I know we started off light, but it was too much for me. My body was still extremely weak from yesterday and from no sleep.

And then it dawned on me, I would have to run to school today. I swear at that moment, my lungs shattered at the thought.

My legs decided to give up halfway, and so I ended up sprawled over the treadmill, blood rushing to my head. I lifted a hand to my head to feel a huge bump.

"Oh my god, Emmaline, what happened?" Wilson pulled off his earbuds, shock and horror in his eyes, running over to me, pulling me up. "Are you hurt? Where?"

"My legs gave out." I ignored the urge to black out once again; this was beginning to become a serious problem. "My head hurts, there's a bump."

"Why didn't you tell me your legs were weak?" He chided me, as he pulled me on a bench, before getting a water bottle, handing it to me. "I wouldn't make you run."

I didn't bother answering, while drinking the water. Wilson was rubbing my back, which had a somewhat soothing effect. It was like everything inside of me, everything curled up had unwinded, and was comforted by the soothing movement.

"Do you feel like you can walk? Or should I help you?"

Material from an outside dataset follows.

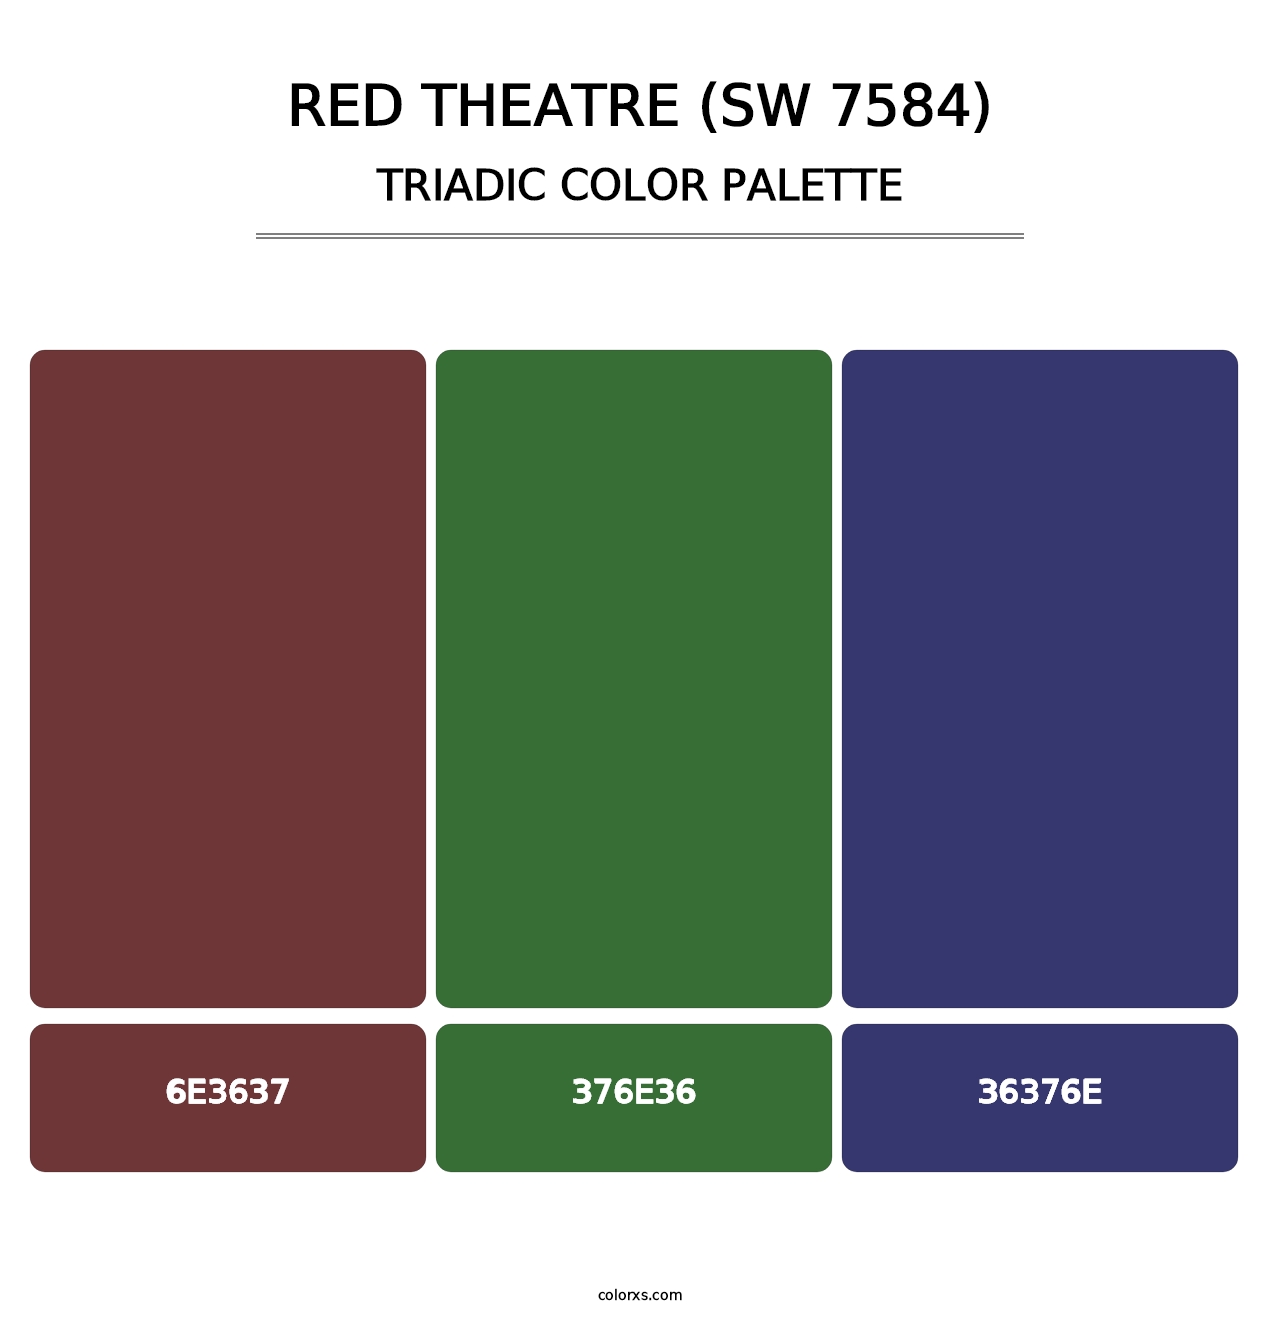 Red Theatre (SW 7584) - Triadic Color Palette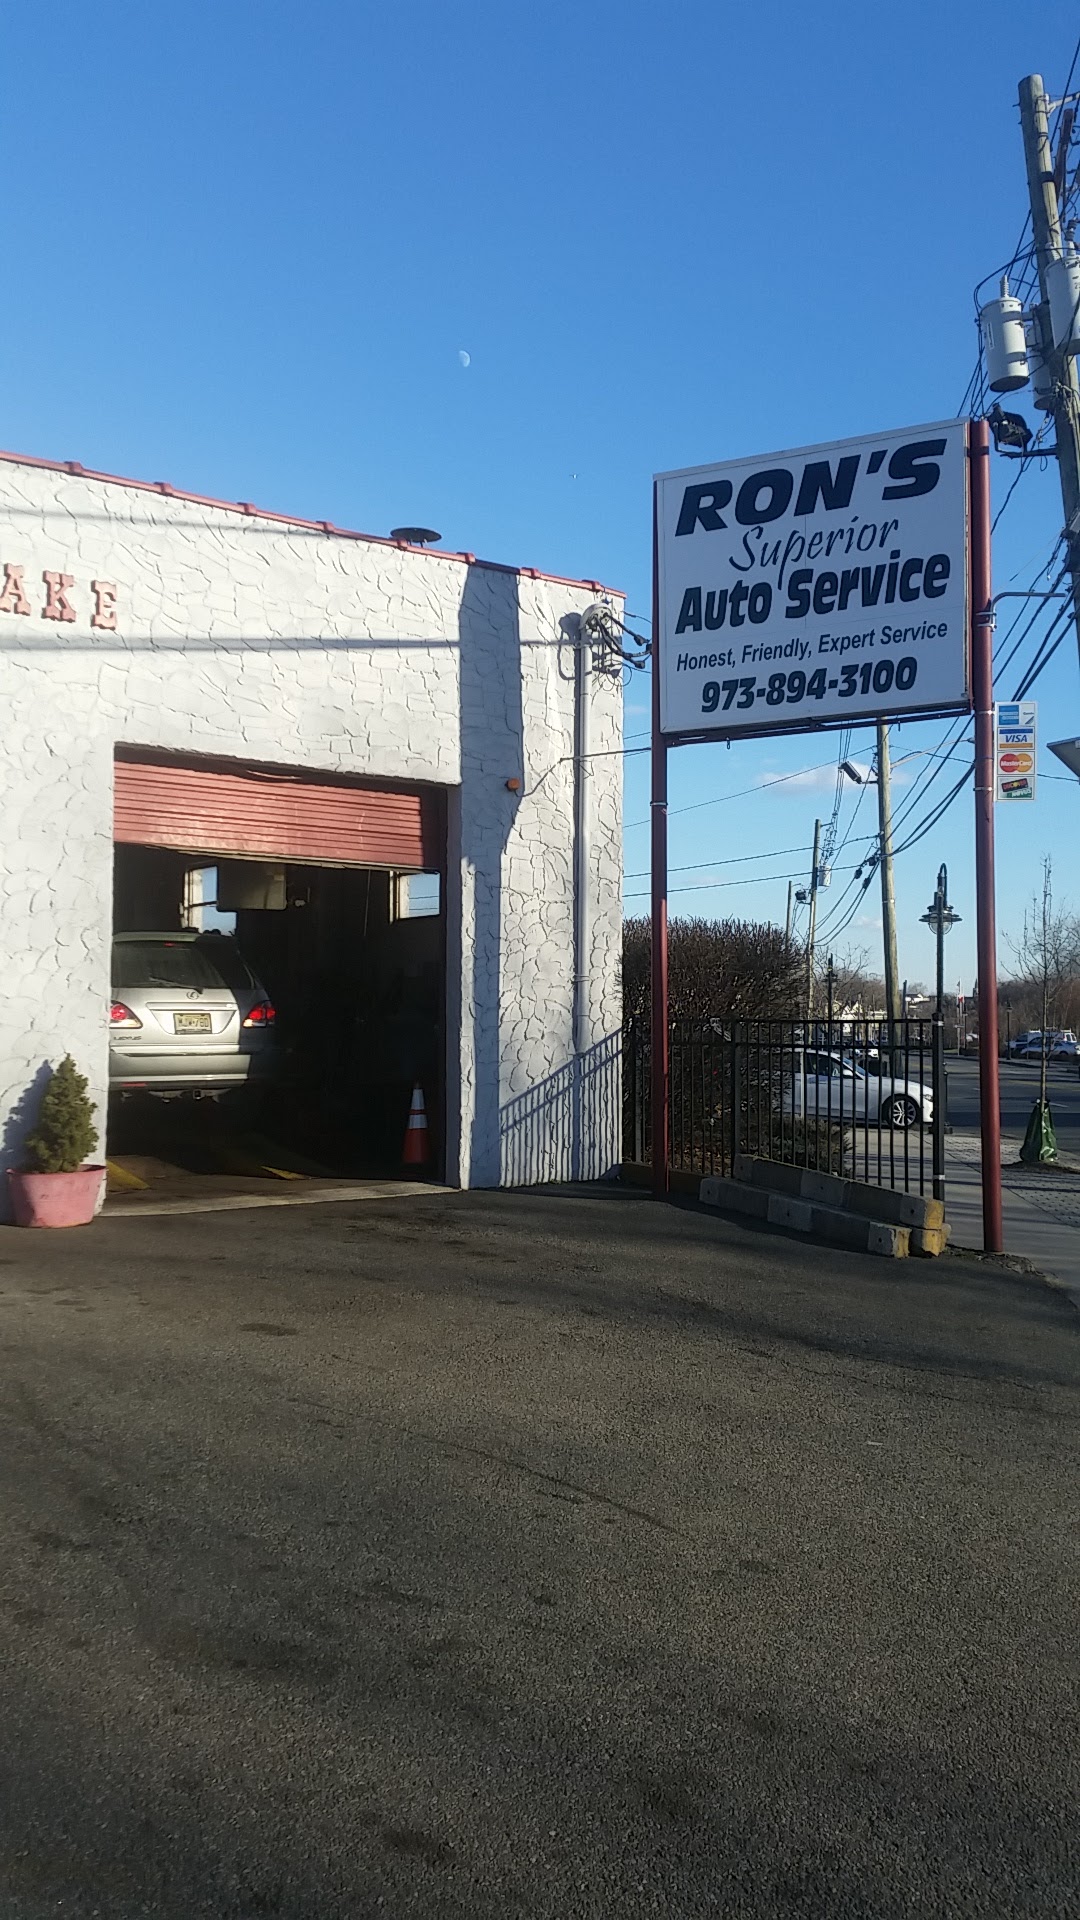 Rons Superior Auto Service

I was going to say no to the help, trust me I would. But my body was begging for the help. And I knew if I walked, I would've fallen down the stairs or fallen at school. Then, he would be called in.

"Can you help me?" My voice was so soft, so weak, I wanted to punch myself.

"Of course darling."

Darling

He said it so softly, so gently, so lovingly as if he loved me, as if he truly loved me, as if I mattered so much to him, and he truly cared for me. It was like those dreams I had when I was younger, and I wanted someone, a real person to wipe my tears, to reassure me they would care for me no matter what.

It stirred my heart. My heart, so deprived of love, of affection, pained at the word. All these years, my heart which I held behind a wall to protect it from the world, my heart which never stopped hoping, never stopped yearning was finally fulfilled at that one word.